Ela nunca acreditou. Ficava em silêncio, a mão no queixo com o olhar longe, os dedos inquietos. De vez em quando uma pergunta. “Como é se pode tirar uma costela a um homem e daí fazer uma mulher?”, e os olhos continuavam a ver se viam esse momento que lhe tinham dito estar no princípio de tudo.  Só depois olhava para mim. Esperava uma resposta. Eu olhava para cima, pescoço o mais para trás que podia, pequena demais para responder a alguém que me ensinava quase tudo. Dela eu não esperava perguntas, não a mim. Mas ela não tinha medo daquela exposição. Não se via sábia. Como podia? Não sabia uma letra a não ser o seu A do nome que aprendeu a assinar há muito tempo quando era baby-sitter numa família rica de judeus que fugiram da II Guerra. Trocaram Paris por Lisboa quando as meninas das aldeias iam para a cidade “servir”.

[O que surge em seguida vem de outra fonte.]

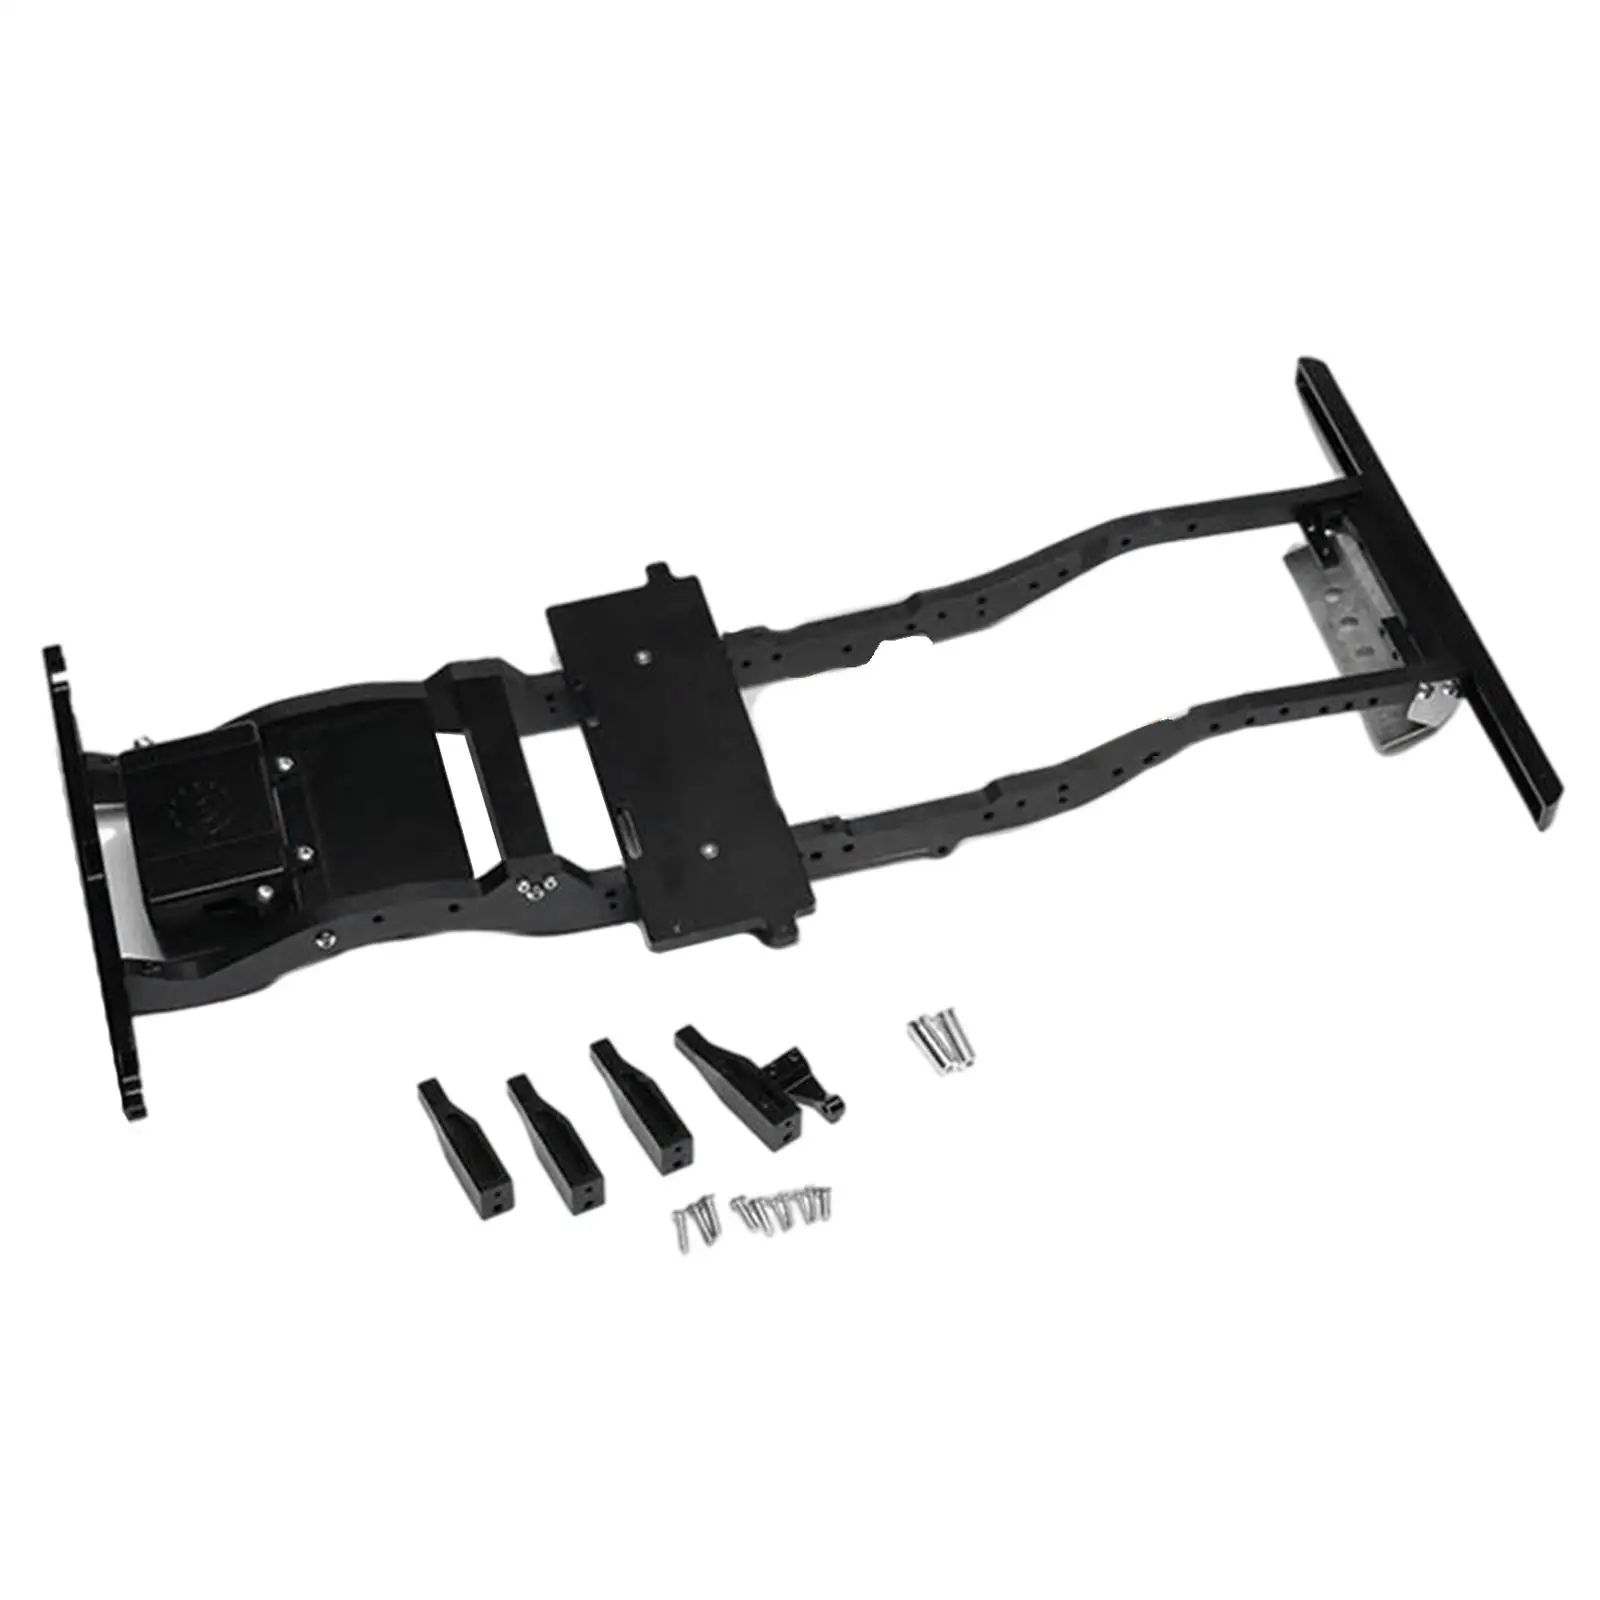 1:10 RC Metal Beam Body Frame Kit for Axial SCX10 D90 Vehicles DIY Accessory

Era assim que dizia. Que tinha “servido”. Filha única de um pai que tinha sido menino rico e a quem uma madrasta má tirara tudo. Contava numa sequência que eu conhecia de cor. Vinha então a história da mãe que não a tinha deixado ir à escola porque uma menina não andava sozinha na rua, na macholice com os rapazes e então a menina em vez de aprender a ler foi para Lisboa tomar conta de crianças mais pequenas do que ela e foi uma dessas crianças, a Mané, quem a ensinou a “assinar”. Ela aprendeu a desenhar essas letras e a falar francês. Duas ou três frases que repetia para mostrar que era verdade o que dizia.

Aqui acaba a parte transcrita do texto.